Praça Dona Neusa após transformação

Elcio gosta de lembrar que o Ateliê foi um mecanismo encontrado para fortalecer a favela, uma vez que sua empresa gera renda e emprego para os moradores dali. “Quando vou fazer um trabalho, eu preciso de mão de obra. E sempre chamo um conhecido ou vizinho da região e assim eles começam a entender o empreendedorismo”, comenta.

Foi com esse espírito que o artista conheceu o jovem Leandro Araujo, morador da favela que é seu sócio há mais de sete anos.

“Trabalhar no Ateliê mudou a minha relação com São Paulo. Antes eu ficava muito aqui na vila, hoje eu sou da cidade”, diz Leandro. “Conheci muita gente de diferentes regiões ao longo desses anos e acredito que temos que aprimorar essa troca de experiências”.

Os sócios Leandro Araujo (à esquerda) e Elcio Torres

“Azulejo não é fim. Azulejo é meio”. Essa frase costuma ser dita pelos sócios nas muitas entrevistas que fazem à imprensa para lembrar que a cerâmica é uma forma lúdica de dar luz a questões acobertadas de São Paulo. “O azulejo é meio de discussão do lugar que vivo, meio de discussão de como eu me relaciono com meu vizinho e com minha cidade”, afirma Elcio.

Na escadaria da Vila Madalena, serão inseridas obras criadas por nove artistas que atuam em diferentes vertentes, como o poeta da periferia Sérgio Vaz, criador do famoso Sarau da Cooperifa, na zona sul de São Paulo.

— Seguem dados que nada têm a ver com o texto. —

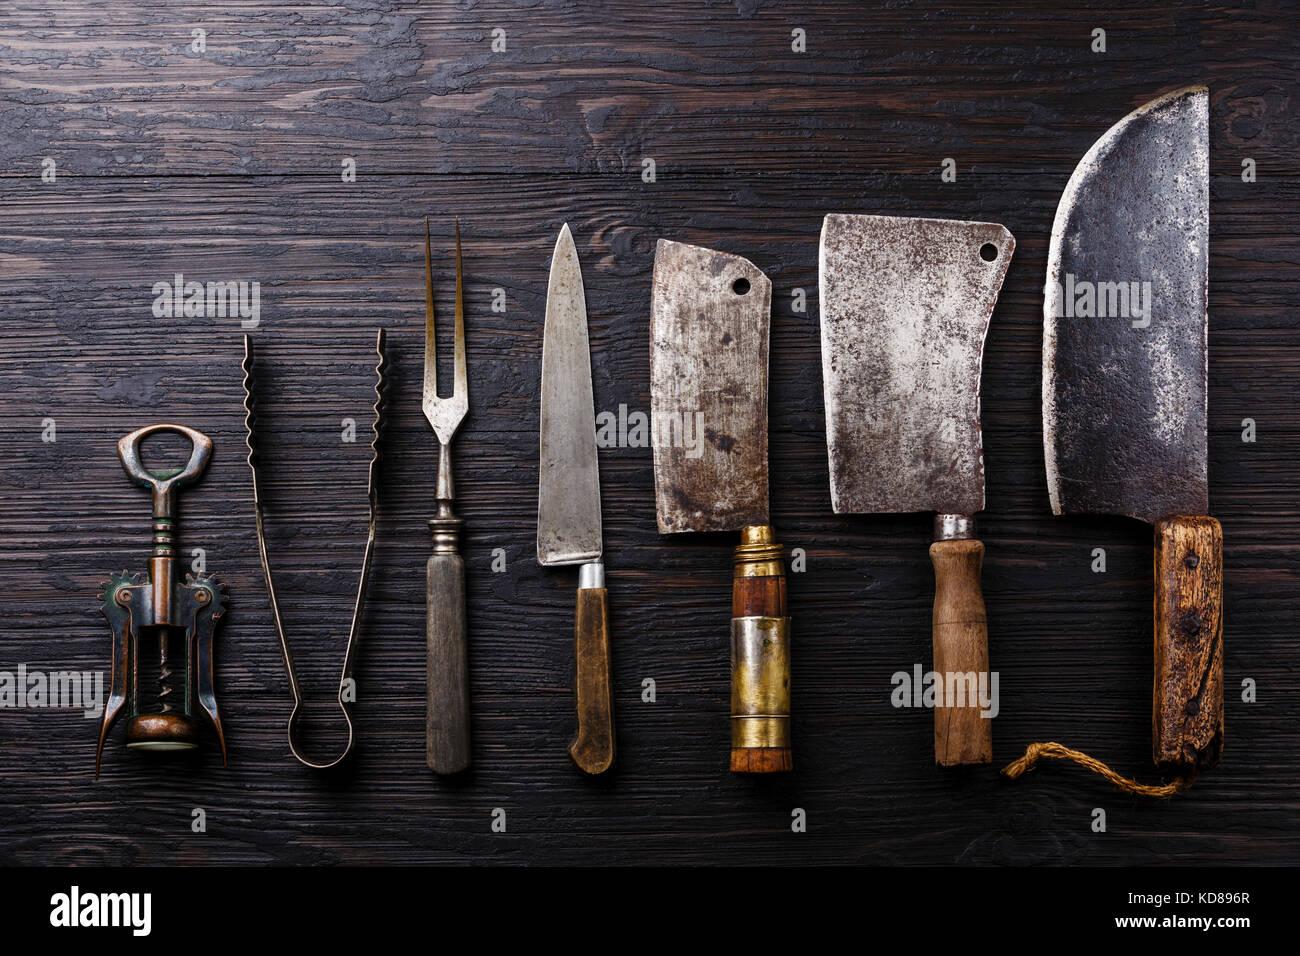 La viande de boucherie vintage gaillet, tire-bouchon et tongs sur fond de bois brûlé foncé Photo Stock

Uma poesia de Vaz foi gravada em azulejo e inserida em alguns degraus.

Além de sua poesia, a escadaria também receberá o trabalho de Juliana Russo, Valentina FG, Jéssica Oliveira, Elizandra Souza, Laura Guimarães, Dugueto Shabazz, KS Nei e Jorge Rezende.

Frase do artista KS Nei instalada na escadaria da Vila Madalena

A inauguração da nova escadaria será feita durante a realização de mais um encontro do projeto Passeio na Vila, no Armazém da Cidade, onde haverá uma tarde de gastronomia e jazz na rua.